My teen kids are with their dad, which means no more consecutive run-downs for me between them.  As a half-time parent, sending my kids to the bus stop on Monday morning would typically send me sliding into home.  It represents the last of the dust and conflict of the game, this week.  But lately, I’ve struggled to find home base, an enigmatic semblance of getting a pitch in the wheelhouse.  The contact is good, the flow is, well, flowing, and it all comes together to give me the energy to move on.  Sliding into home is the beginning of filling the well for me.  Yes, I love my kids, and no, they are not the only batters hitting me in.  Sometimes it’s a hike, a stint in the studio, a series of enlightening, comical, or otherwise engaging emails with a friend, or dancing a jig in the kitchen to the Fratelli's while my lunch cooks.

I have two rather taxing activities in my life: parenting and self-employment.  My work is somewhat seasonal and right now I am unseasonably busy.  Work busy is always good when there are ups and downs in the income.  I’ve also taken on a new position that has some perks, like using the pool at the university, but requires quite a bit of time, I’m finding out.  And the money really doesn’t match the time.  Yes, I’ve re-entered education, so of course that would be the case.  The money never pans out; it’s a labor of love.  So a week without kid pick-up, homework checks, or worrying about food until 7:00 or 8:00pm would seem to put me into the category of hitting some home runs with my work load.  What I wouldn’t do to have a four-bagger today so I could just get home.

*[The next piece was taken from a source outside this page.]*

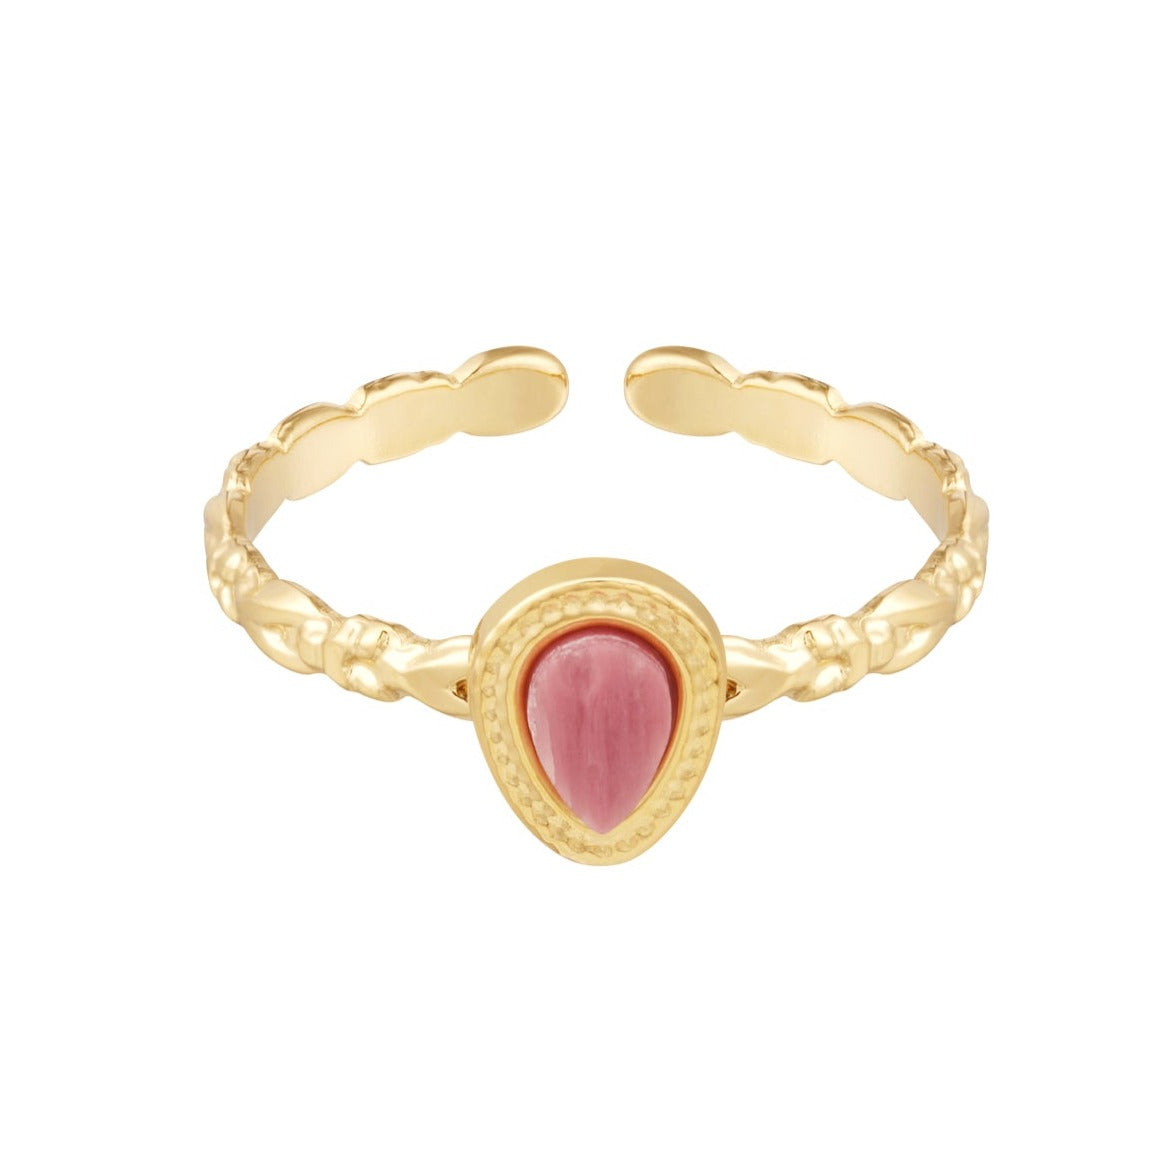 Artemis ring - Roze agaat ring goud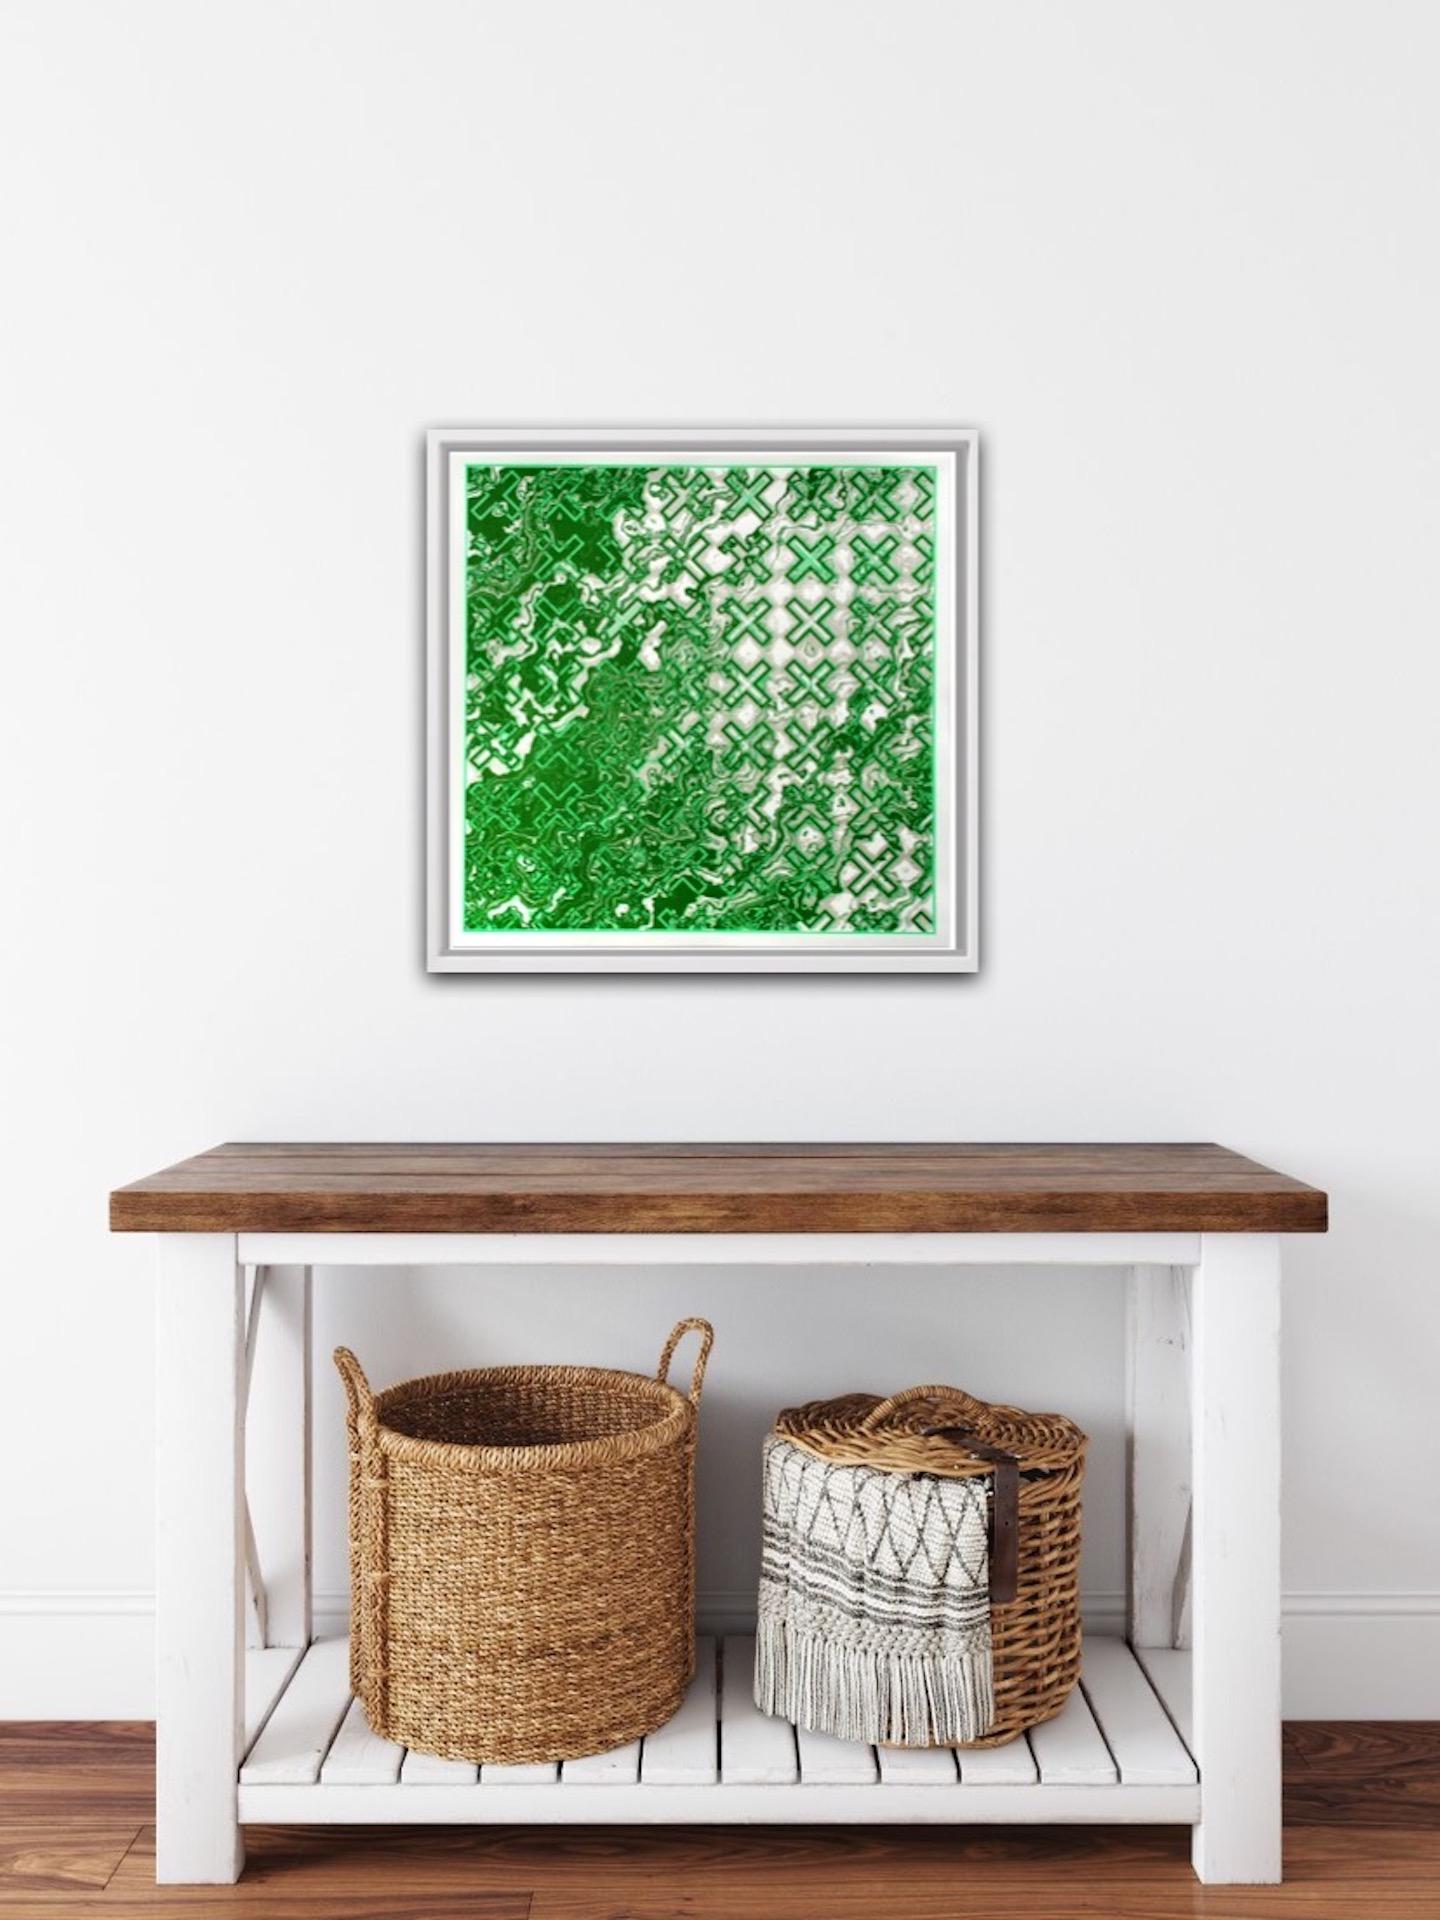 Chris Keegan, Green Flow, Limited Edition Silkscreen Print, Abstract Art 4

I feel stuck on third base. Home is in view and close, but there’s more dirt, some guy in the way, and another hitter who’s got to push me on.  It would be nice to have a team on which to rely sometimes, as sitting here alone trying to finish my work so I can get home just isn’t cutting it. I’ve always gone for the individual sports and I guess that’s carried me through to where I am now.  I wanted to play softball as a kid, but it was in conflict with music.  I’ve had to figure out ways to trudge on my own.

Amazingly, sometimes being alone does work in my favor, even when I need a little help.  Yes I’m on third, looking at home plate, scanning the field and seeing who’s up to bat.  That’s it.  I’ve got to make it happen for me.  I can’t keep waiting until the work is done or until someone else hits me in.  I’ll never get there.  I’ve got to advocate for myself.  The ball is hit high, right over my head, but the outfielder is too far to the left, at least that’s what I’m hoping.  I don’t wait for the fly catch (if there is one).  I’m off.  It’s been nice knowing you and I’ll be back, but for now I’m stealing home.  It’s the only way to get it.